Session Scope and Objectives
So in this in this presentation today, this part of this, we're going to basically be covering two different domains. Uh their data encryption and infrastructure protection. There going to be some overlaps between these different pieces. Uh some of the same tools will be mentioned in different areas or different objectives during this, but that's actually a very positive thing is we always like to see security kind of over overlapping a little bit. keeps us from having gaps in between. So what we want to do today is uh our goal is to describe the process and the tools that make uh make it possible for us to achieve any and all of these uh different objectives. So also by the way when we start talking about the data encryption uh we're going to be talking about not only what it is and how to engage it but also responsibilities for your vendor uh and for you as the customer uh the different responsibilities in that matrix.
Data Encryption in OCI (Defaults and Mechanisms)
And with that we're going to get into data encryption now. Uh in OCI the nice thing is that data encryption is enabled by default. This is not something that you have to remember to go in and turn on.

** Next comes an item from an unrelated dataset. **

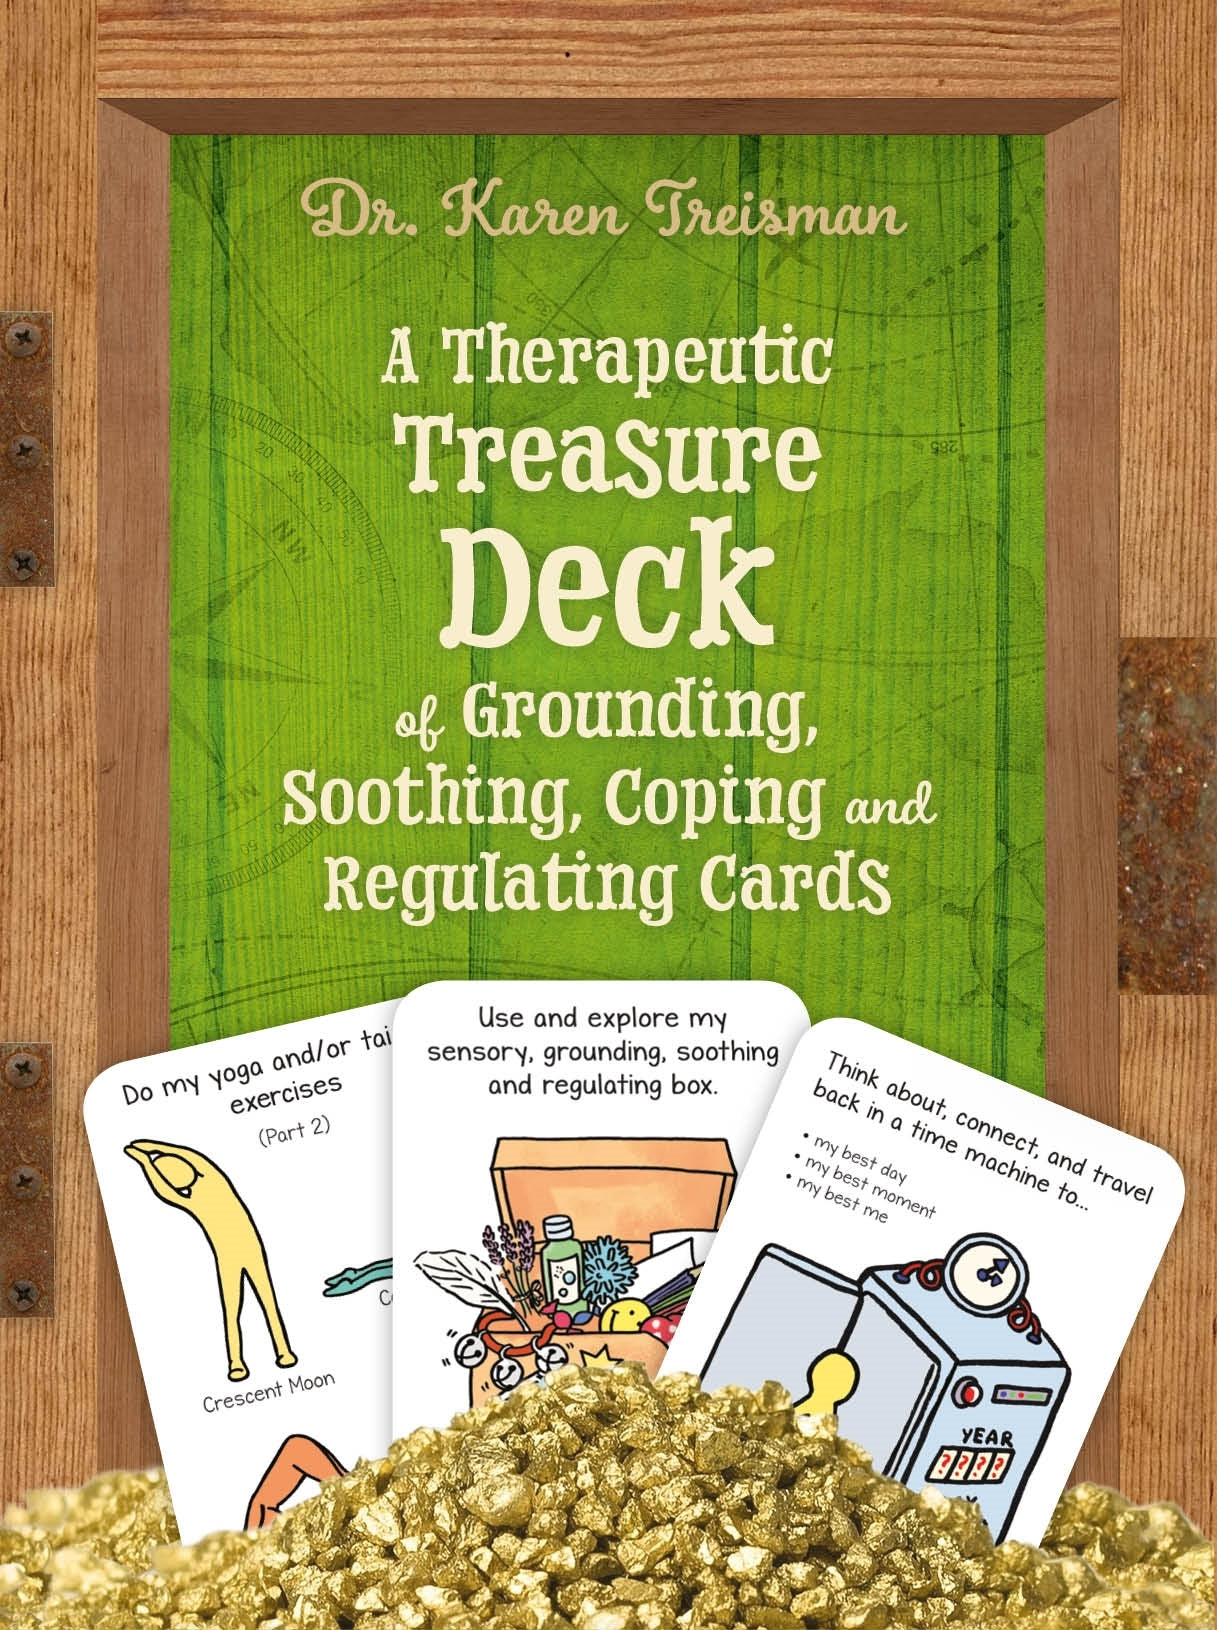 A Therapeutic Treasure Deck of Grounding, Soothing, Coping and Regulating Cards by Karen Treisman

Uh and as a matter of fact, you can't turn it off. So, it's there. It's always on and it's always protecting your information.
So, what does it do? So, it protects uh and encrypts your data in transit. So, when it's going from point A to point B, whether it's an API call uh or anything else, uh it's encrypted. And encryption at rest. This is critical because in any attempt from uh a threat actor to come in and grab your data, if it's already encrypted, it really doesn't matter because they can't read it. It also keeps them from re-encrypting it to keep you from being able to use it. So encryption in transit and encryption at rest.
Everything—all communication between clients and OCI services—will utilize right now TLS 1.2 or higher. As additional standards are released, OCI tests and validates those and they will begin using the higher-level standard as soon as they're able to. So, you don't have to worry about that upgrade happening. They do it automatically for you. So, right now it's TLS 1.2 or higher. Certificates are always issued from a reputable uh certificate authority.
Data stored within the object storage databases and block storage is encrypted and again by default you don't have to remember to turn this on. It's always encrypted by default. This is a huge advantage that you don't have to worry about a misconfiguration or somebody unchecking a box and unencrypting or making it available in any way, shape or form.
Uh you have usage of either Oracle managed keys or customer managed keys through the key management service in a key vault in the OCI tenancy.
And then one of the tools you want to make sure you use is an annual rotation of your encryption keys is highly recommended. So again you can use the Oracle keys or you can use your customer managed keys. I think the recommendation from us as well as from Oracle is always to use a customer managed key. Even with that, you want to make sure that that is rotated on an annual basis.
Customer Responsibilities for Data Protection
Now we move on to the customer responsibility along the lines of data encryption. So I I think all of these are very important for us to about which we should have an awareness.
So data classification—no vendor can classify your data for you. Uh this this is something that should be done by any customer. You need you know what your important data is, what you need to protect the most. Maybe you have trade secrets uh not just a patent or something but a trade secret which once it's out it's out. That would be unknown to your vendor. And data classification is one of the first and most important things you can do for determining how critical data is in your environment.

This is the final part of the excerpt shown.